* Task brief *
Restate the listing below word for word; no pictures belong in the copy.

*** Opening Data excerpt ***

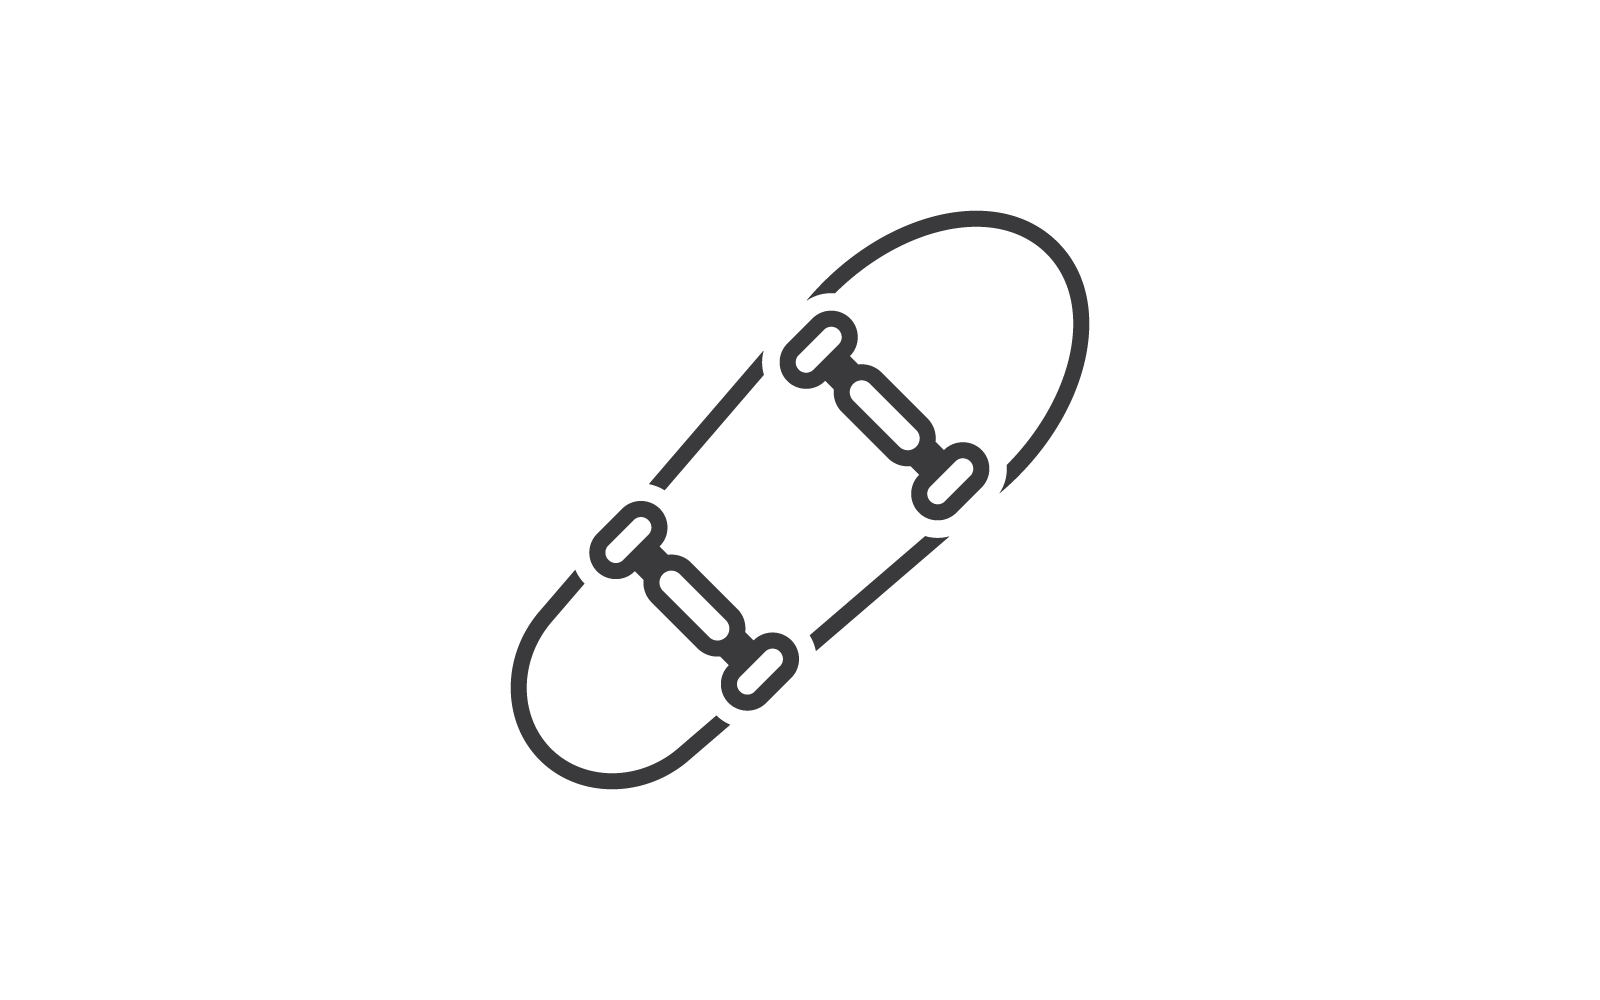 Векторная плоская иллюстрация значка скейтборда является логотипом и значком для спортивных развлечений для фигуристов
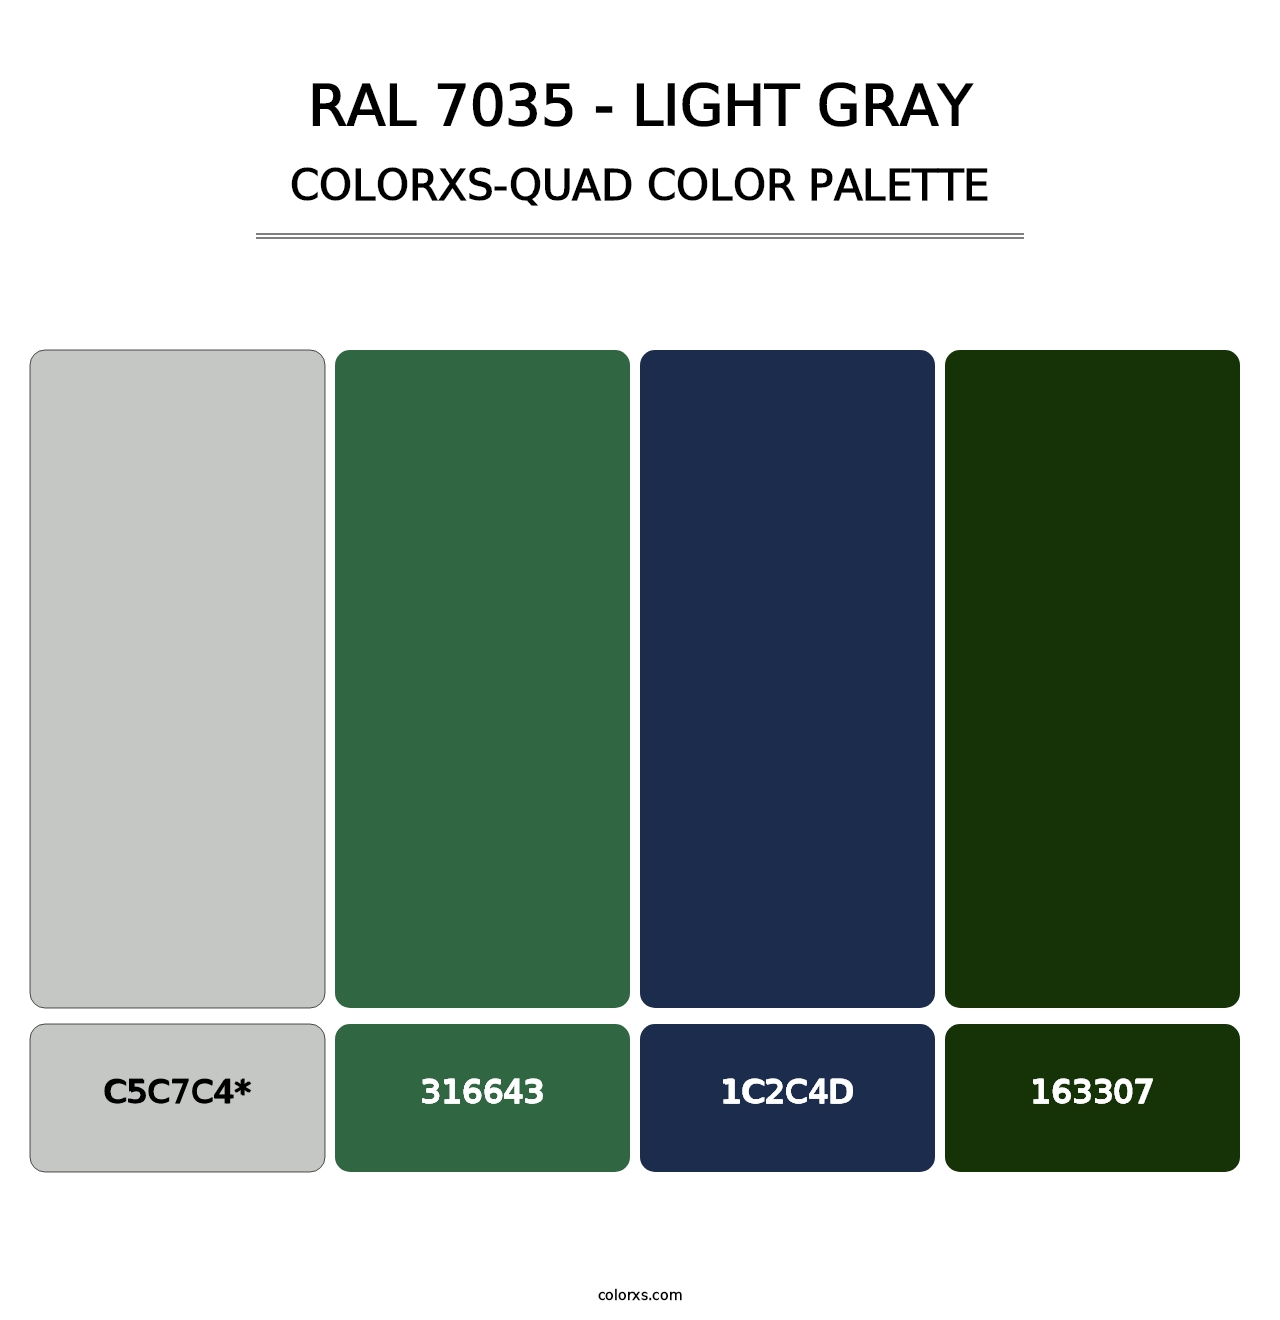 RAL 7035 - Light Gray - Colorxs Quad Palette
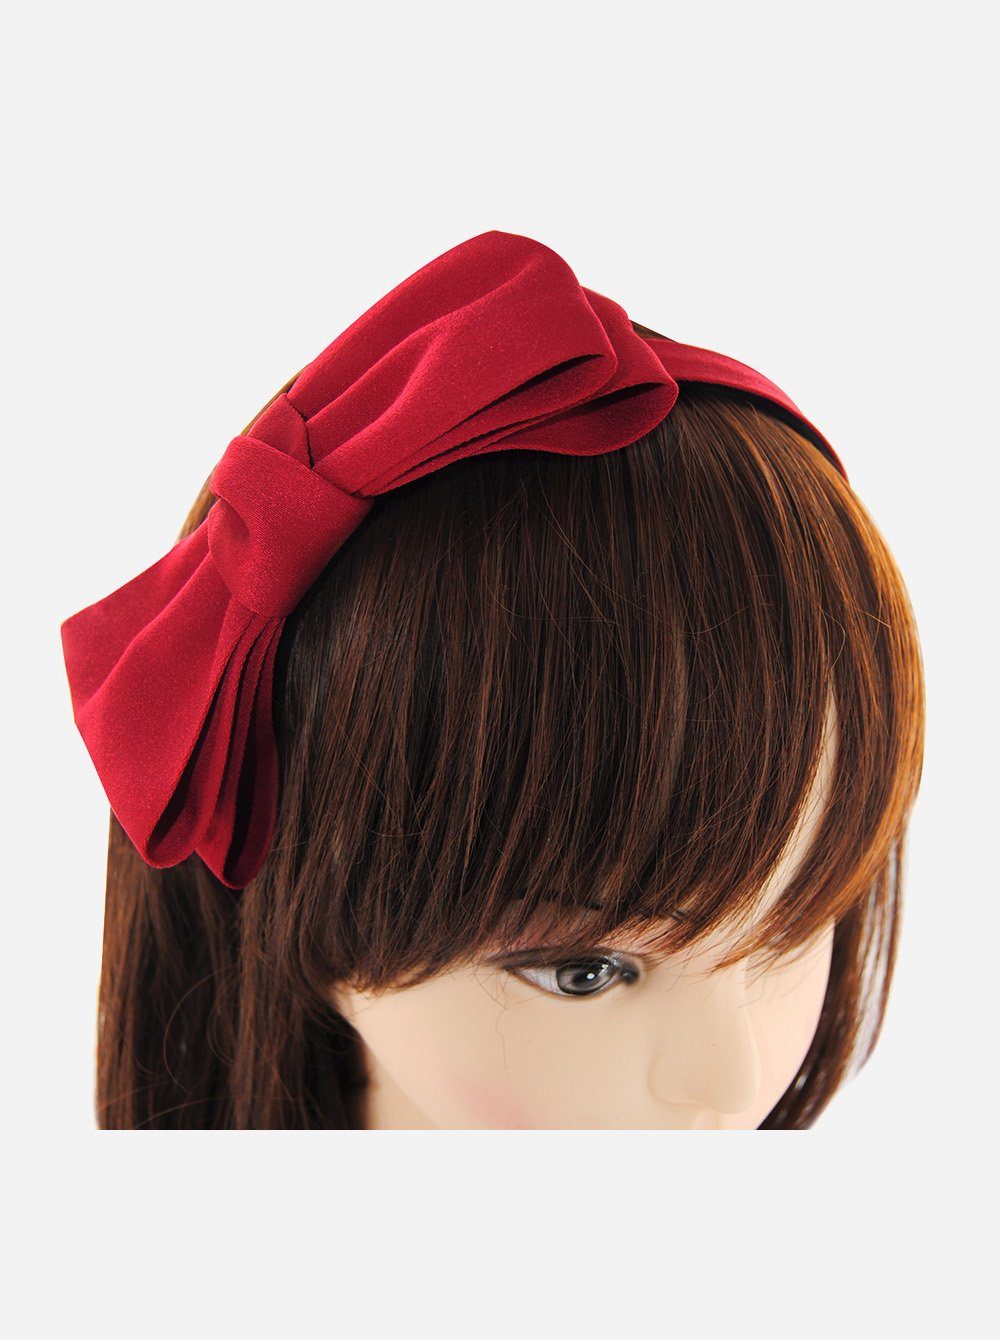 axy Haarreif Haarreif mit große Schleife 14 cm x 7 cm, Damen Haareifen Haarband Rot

*** Closing Data excerpt ***

* Answer for this exercise *
 Векторная плоская иллюстрация значка скейтборда является логотипом и значком для спортивных развлечений для фигуристов
 RAL 7035 - Light Gray - Colorxs Quad Palette
 axy Haarreif Haarreif mit große Schleife 14 cm x 7 cm, Damen Haareifen Haarband Rot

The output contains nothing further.